Market access

From top to bottom: agar plate, slurries and meatpacks

New Zealand is one of the world’s largest lamb exporting nations and produces some of the finest quality lamb in the world. The key challenge for NZ industry is to get sufficient “fresh” product of a superior eating quality to distant markets.

Major economic losses can be caused by microbial spoilage or through reduced retail shelf-life due to unacceptable colour changes. In addition, due to the differences in time-to-market, inappropriate overseas microbiological criteria designed for local product may lead to scientifically unjustified rejection or downgrades.

Prolonging the shelf-life of export meat

New Zealand has one of the strictest meat safety regimes and some of the best hygiene standards in the world. New packaging technologies have not only helped New Zealand chilled meat last longer and reach overseas markets, but they have also helped to improve meat safety.

Biopreservation

Current meat microbiology research is focusing on bio-preserving meat using good bacteria that will grow in the conditions inside meat vacuum-packs and kill the bacteria that cause spoilage. The lactic acid bacteria (LAB) chosen for bio-preservation are able to grow at below 0 degrees celcius, in order to be effective in frozen packed meat.

Germination strategies

Phase contrast micrograph showing the termination spore stage of Clostridium esthertheticum

AgResearch is also looking at a group of spore-forming bacteria, known as Clostridium Spp., that also grow at low temperatures in the absence of oxygen – conditions typically found in vacuum-packed meat. Clostridia produce a foul smelling gas in vacuum-packed chilled meat and result in what is called 'blown pack spoilage,' where the gas causes the packaging to blow up like a balloon. Researchers are investigating ways to trigger germination of the spore form of the bacteria, which would make it easier to kill the Clostridia.

Predictive modelling

Blown meatpack spoilage

Our research focuses on understanding the impact of varying environmental and biological factors on the interactions of meat pack microflora and identification of those factors that promote competitive exclusion of major spoilage-causing microorganisms.

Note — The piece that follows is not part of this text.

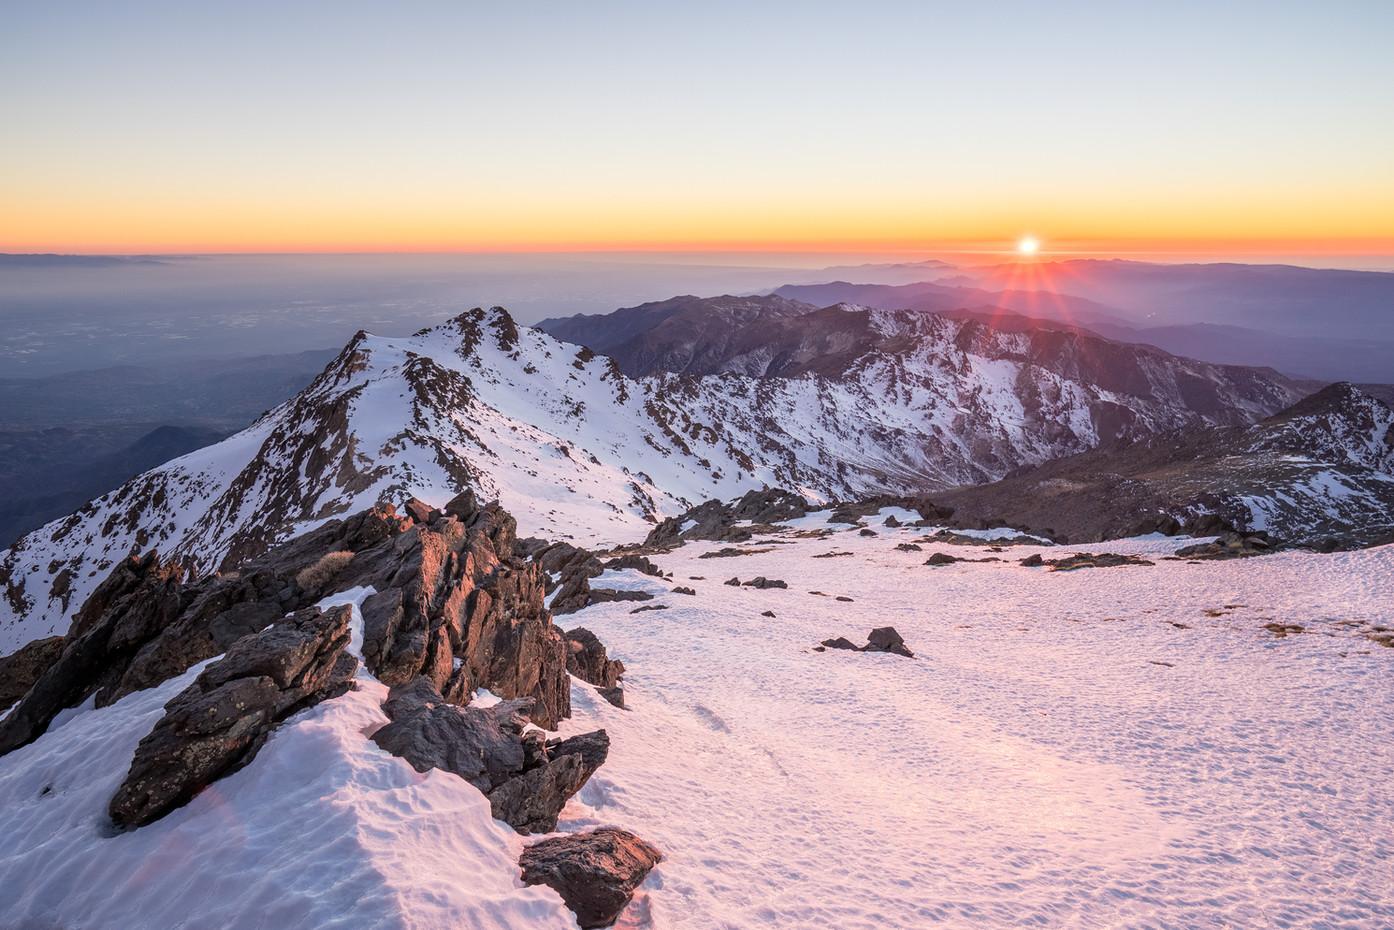 Atlas_sunset.jpg

Much of the current understanding of meat spoilage has been derived from experiments conducted with pure cultures, however this is not a realistic model. To understand the intricate nature of the interactions of multiple competitive bacteria, a more complex model is required.

Experimental data on the interactions of a number of different spoilage organisms within a meat matrix, at different storage temperatures, has been incorporated into a commercial program FoodQSM™. It is anticipated that uptake of this technology will contribute to the mitigation of premature spoilage incidents, science based support for appropriate microbial regulations and optimised product performance in our high value overseas markets.

Some of our “industry good” projects funded through MSI, MPI-NZFSA, MIA, Beef + Lamb NZ and MIRINZ Inc:

• Best practice guidelines for storage of chilled lamb
• Biopreservation technology for extending the shelf life of NZ chilled lamb
• Improving the quality of chilled beef and extending the shelf life of NZ chilled lamb
• Development and validation of a real-time PCR assay for Clostridium estertheticum
• Veal Carcass Antimicrobial Interventions
• Evaluating procedures for validating cleaning processes in boning rooms
• NZ Beef and Lamb: Value from Quality (AgResearch Limited).